Given records
□ □ □ □
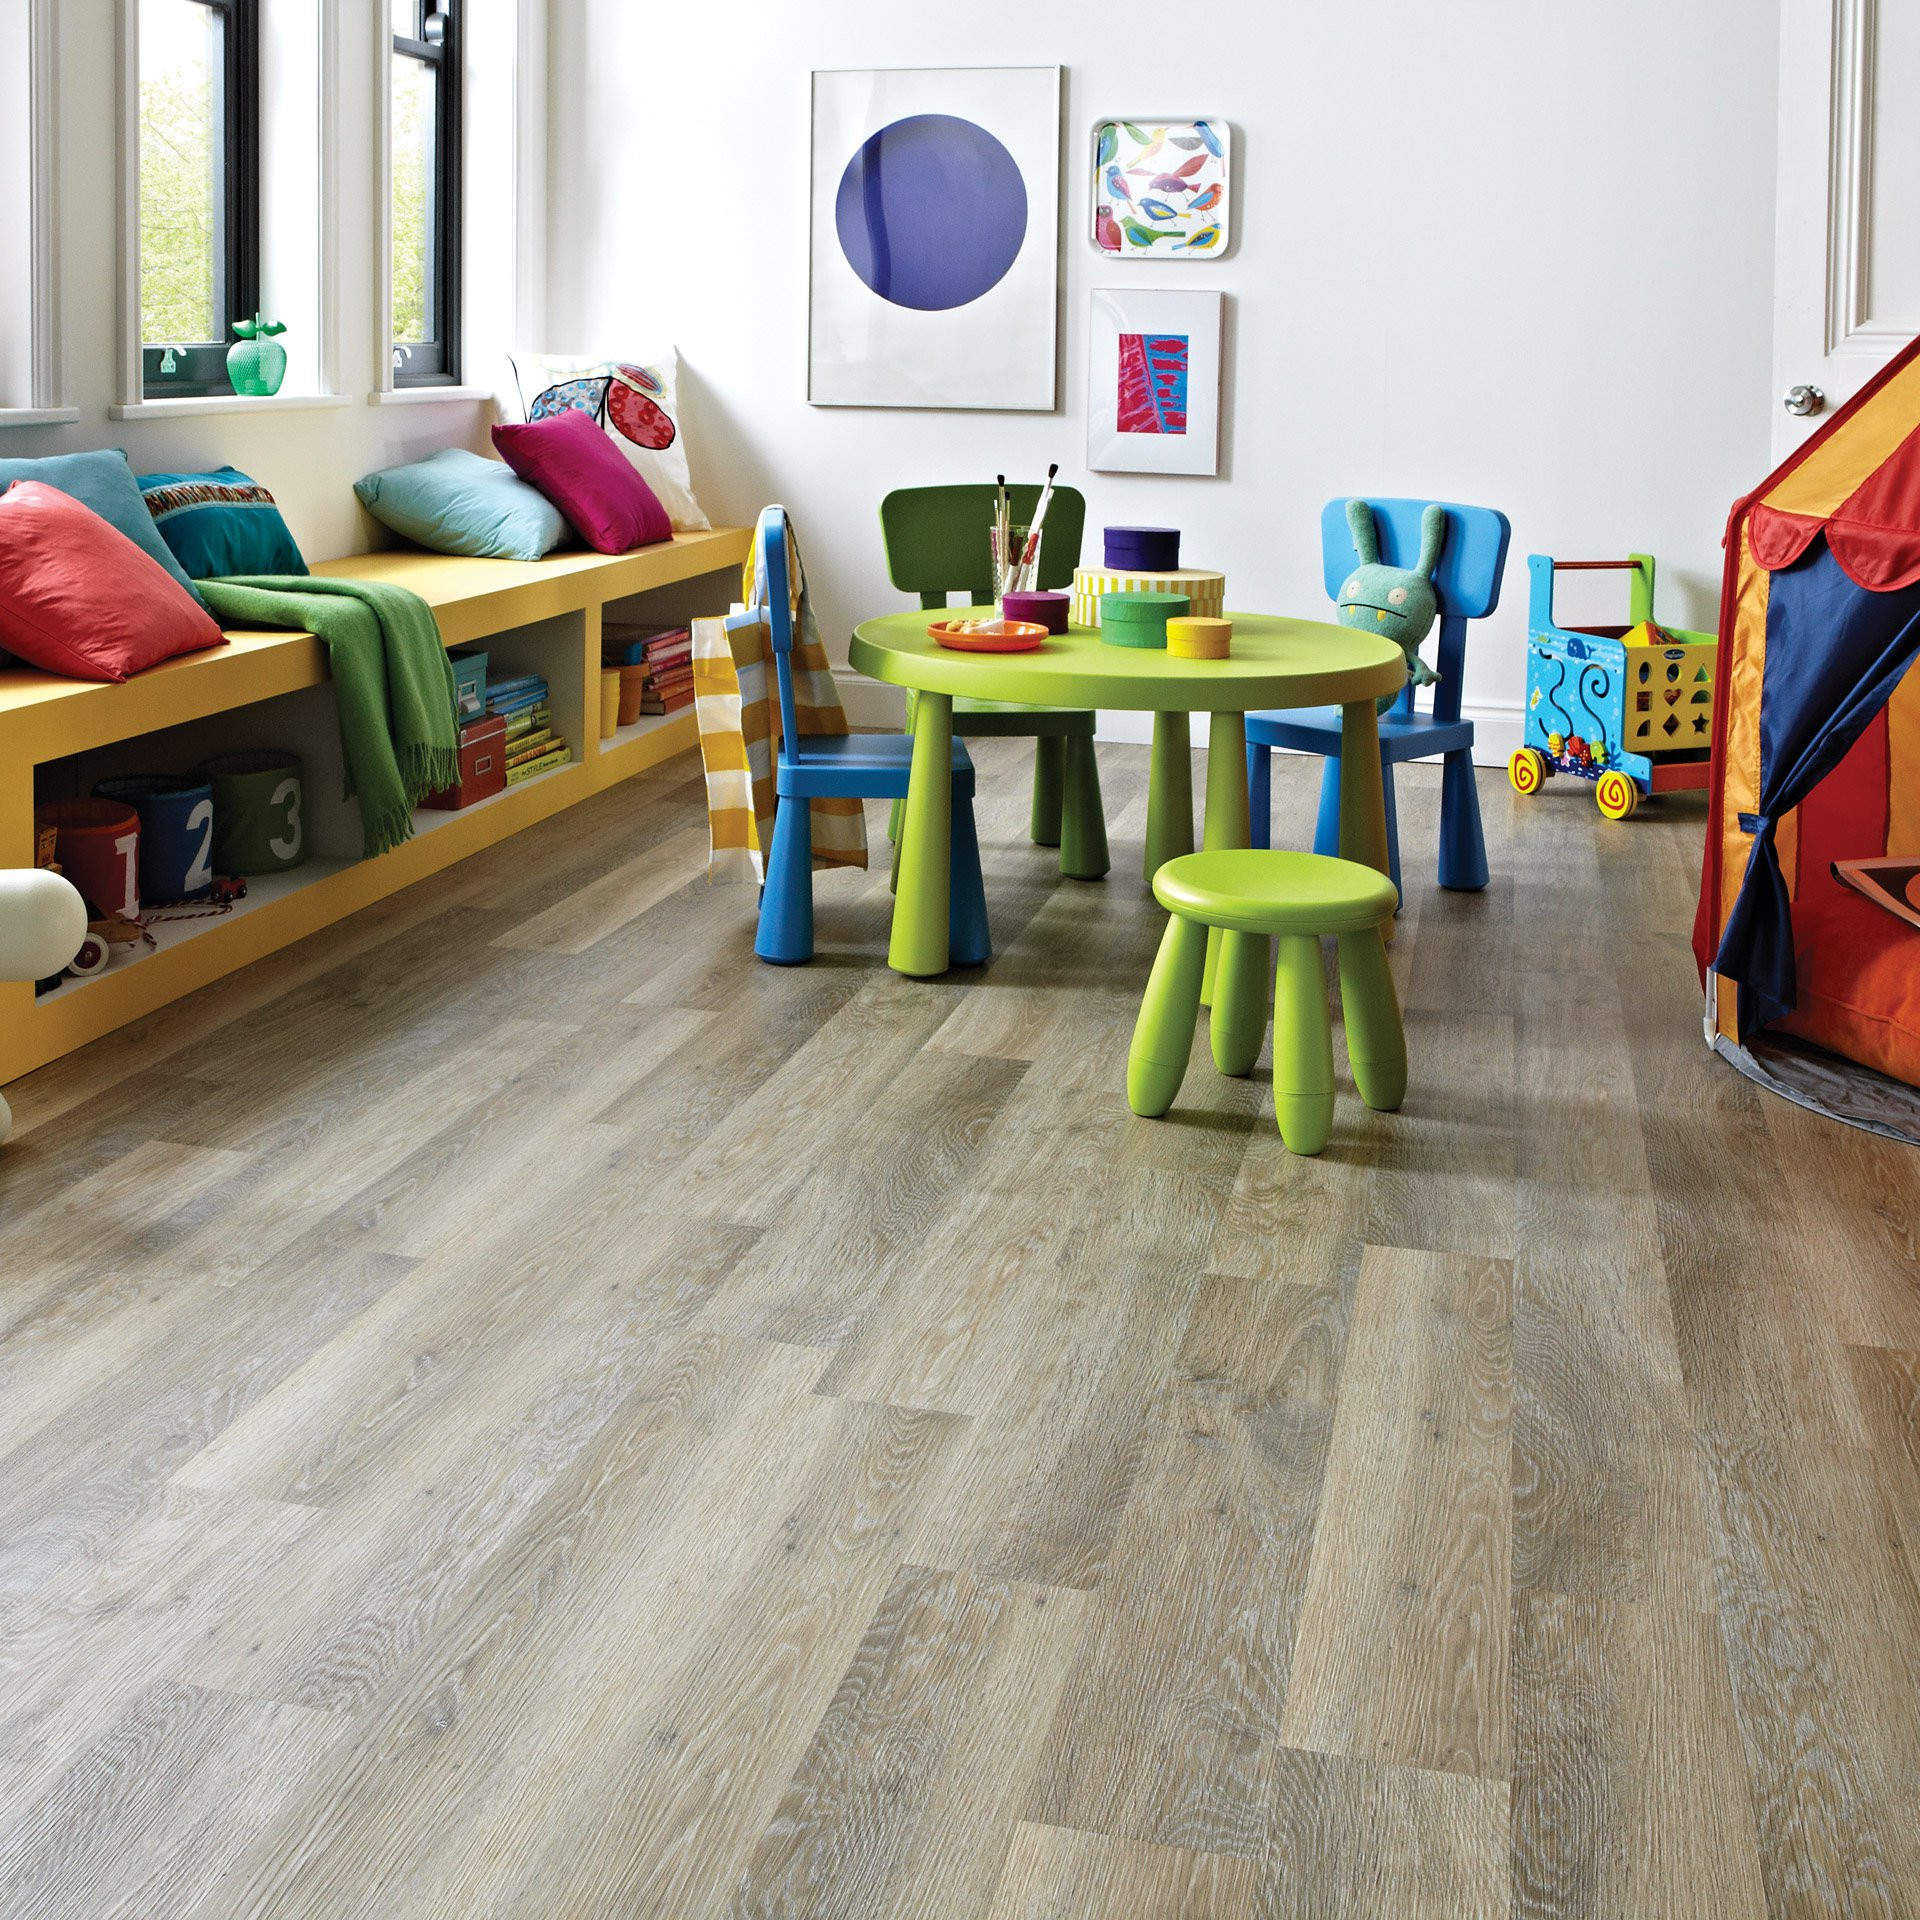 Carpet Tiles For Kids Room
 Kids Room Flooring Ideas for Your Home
□ □ □ □
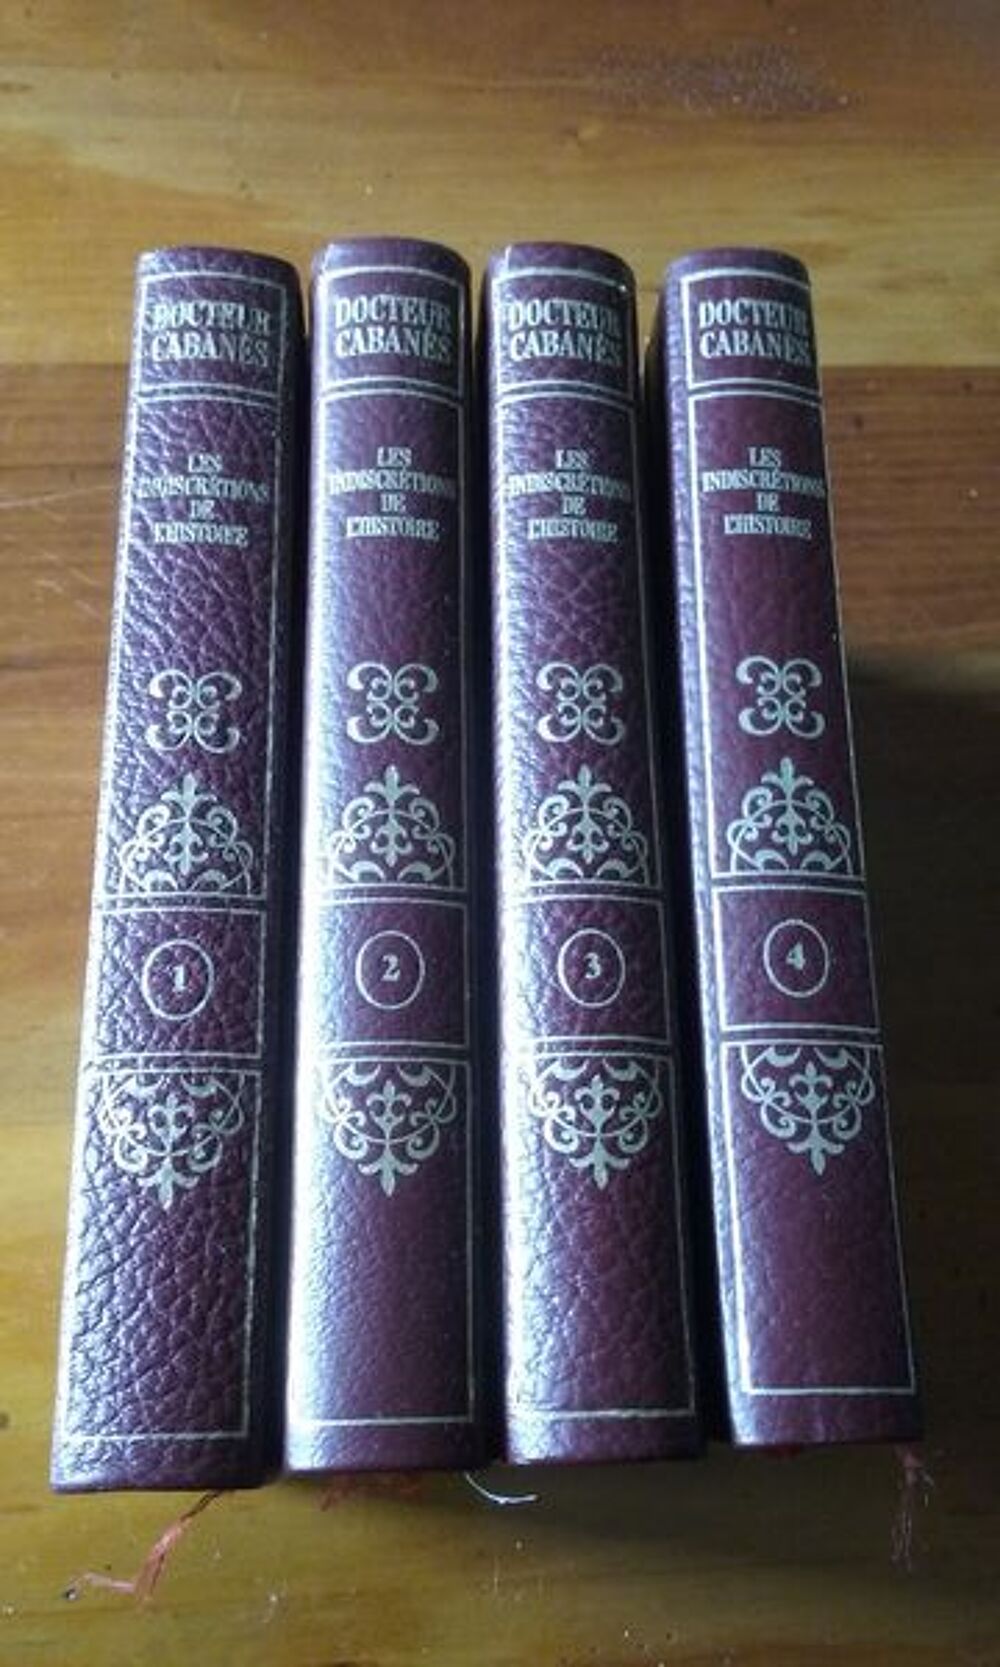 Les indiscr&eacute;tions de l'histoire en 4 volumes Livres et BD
□ □ □ □
Exercise objective
Leave out the images and write out the lines above exactly, from the one with "Carpet Tiles For Kids Room" up to and including the one with "Kids Room Flooring Ideas for Your Home".

Final answer
 Carpet Tiles For Kids Room
 Kids Room Flooring Ideas for Your Home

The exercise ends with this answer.